Word for word, copy the listing below and leave out its images.

======== DATA BELOW

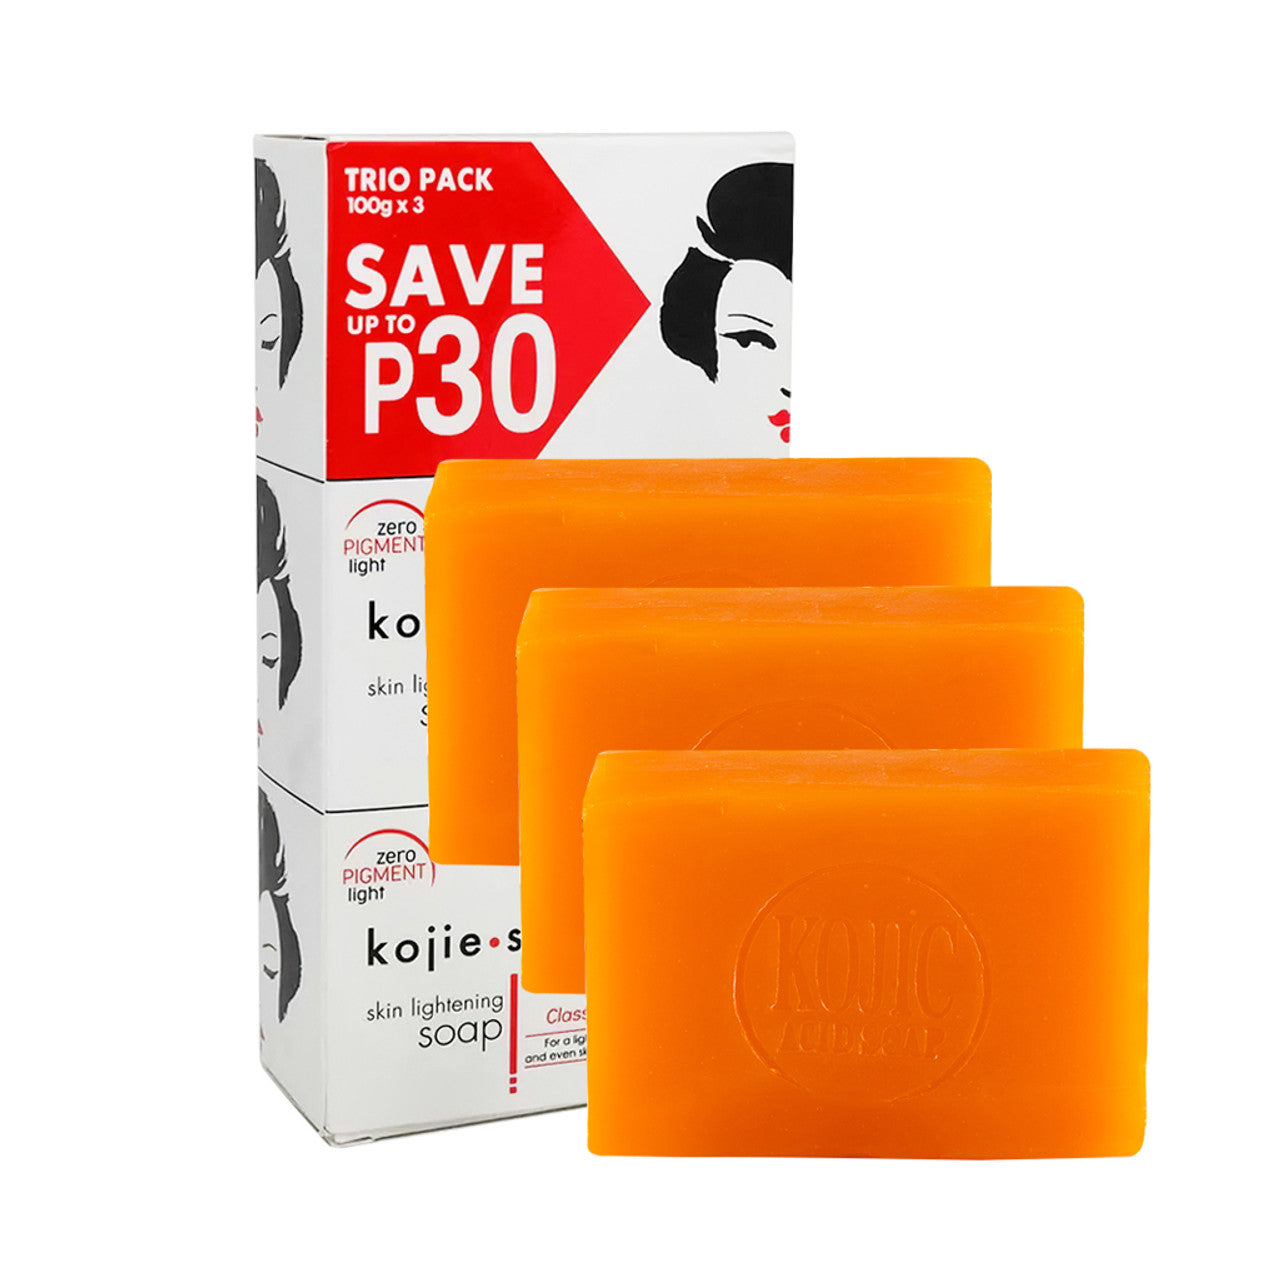 Kojie San Skin Lightening Kojic Acid Soap - 3 bar - 100g size
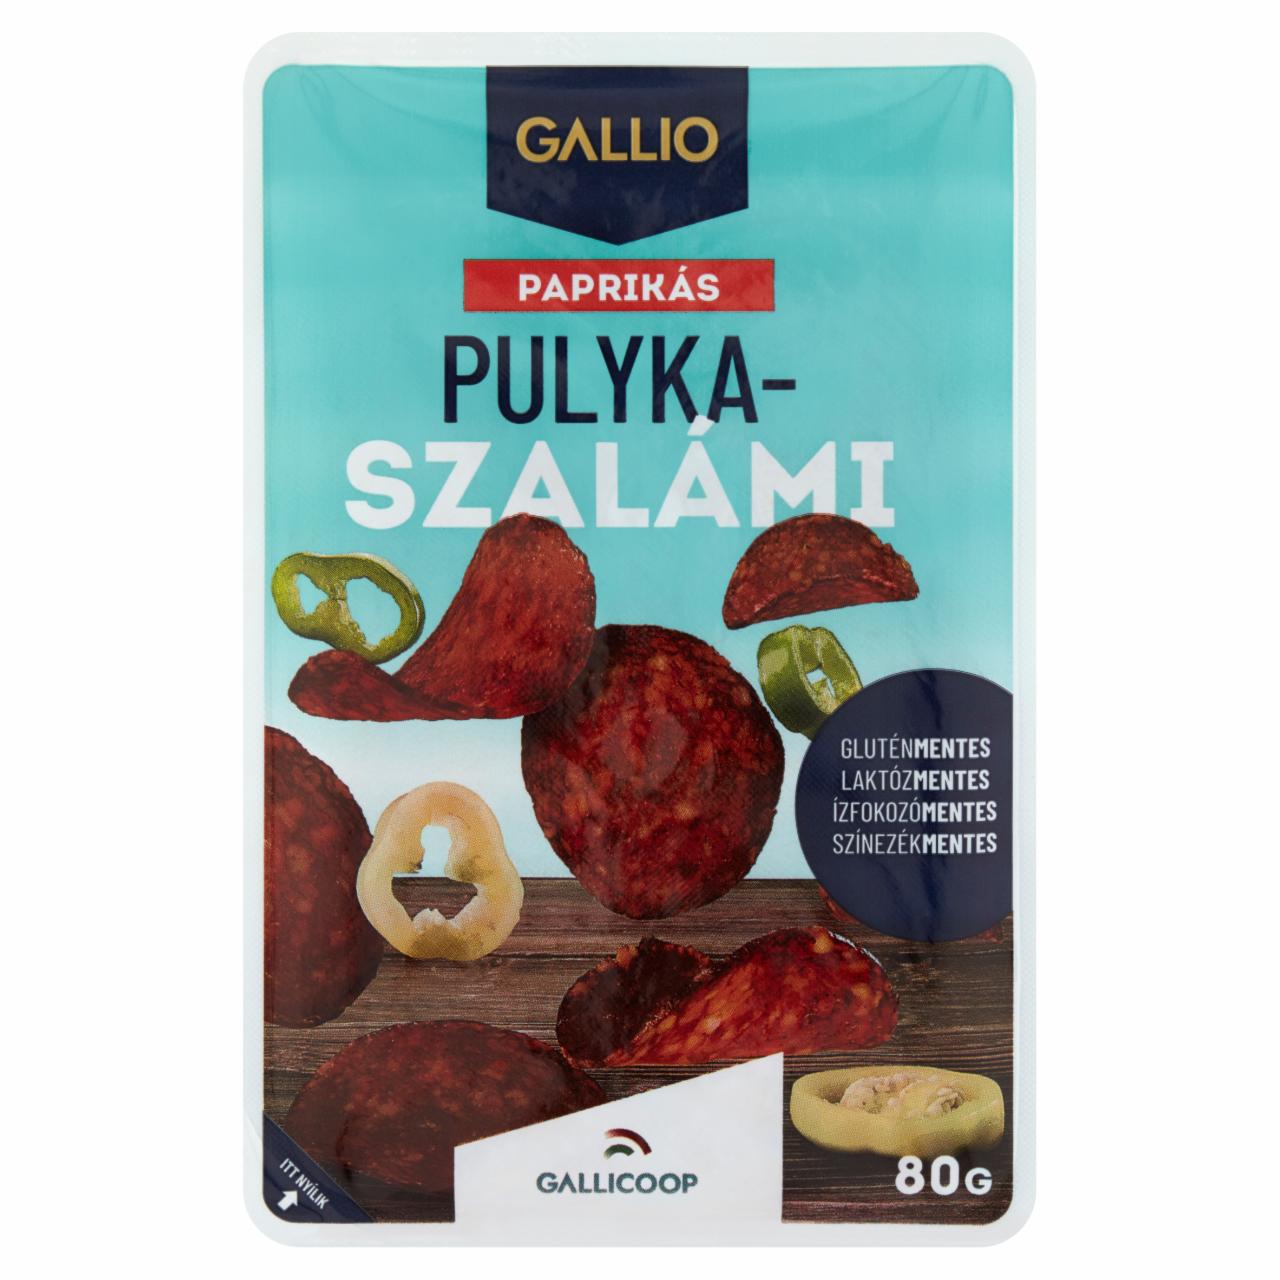 Képek - Gallio szeletelt paprikás pulyka szalámi 80 g
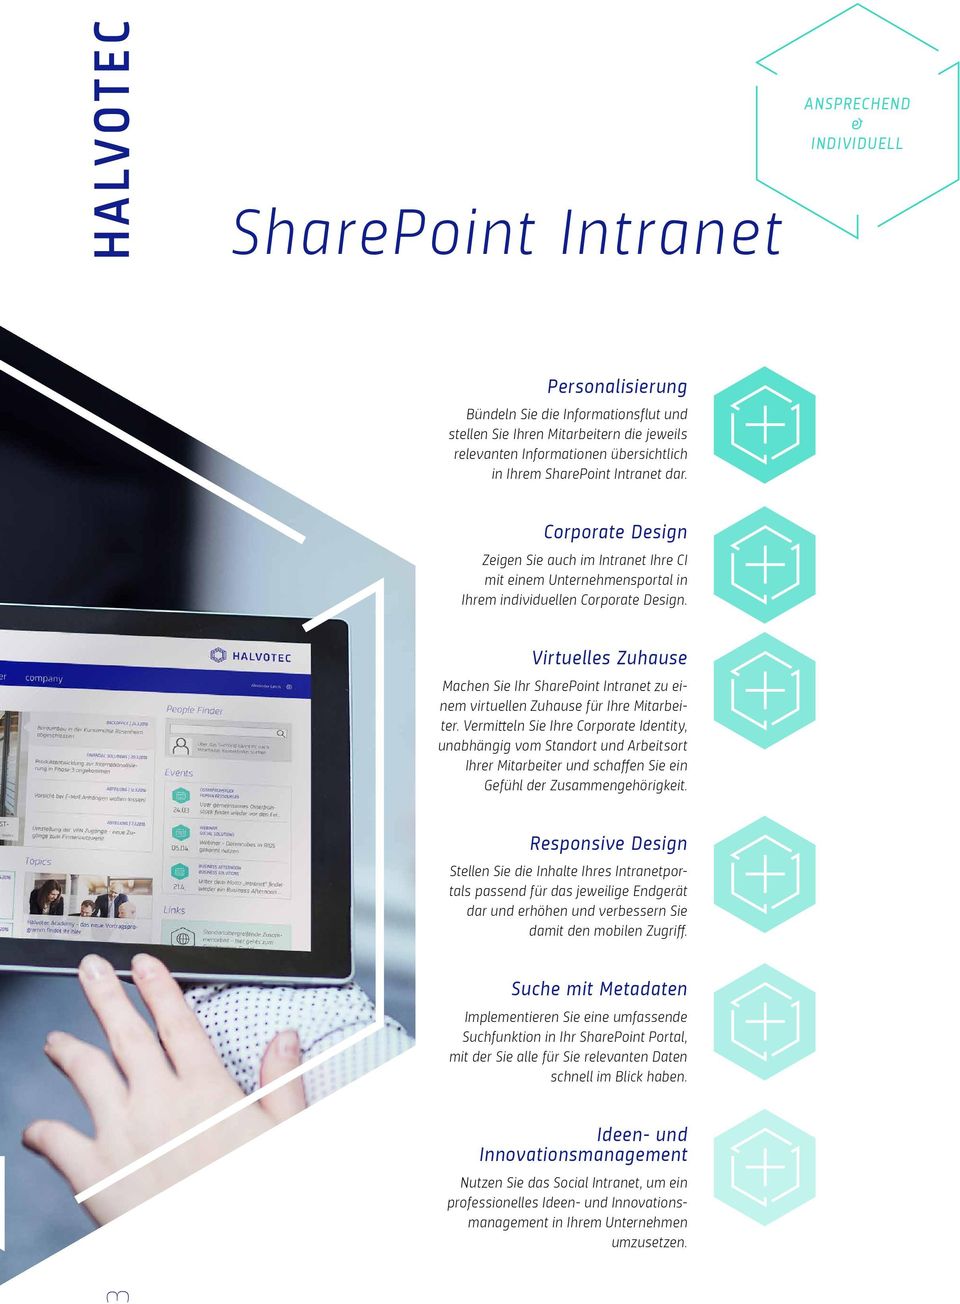 Virtuelles Zuhause Machen Sie Ihr SharePoint Intranet zu einem virtuellen Zuhause für Ihre Mitarbeiter.

================

#### ANSWER TO THE EXERCISE
 Kojie San Skin Lightening Kojic Acid Soap - 3 bar - 100g size
 Képek - Gallio szeletelt paprikás pulyka szalámi 80 g
 Virtuelles Zuhause Machen Sie Ihr SharePoint Intranet zu einem virtuellen Zuhause für Ihre Mitarbeiter.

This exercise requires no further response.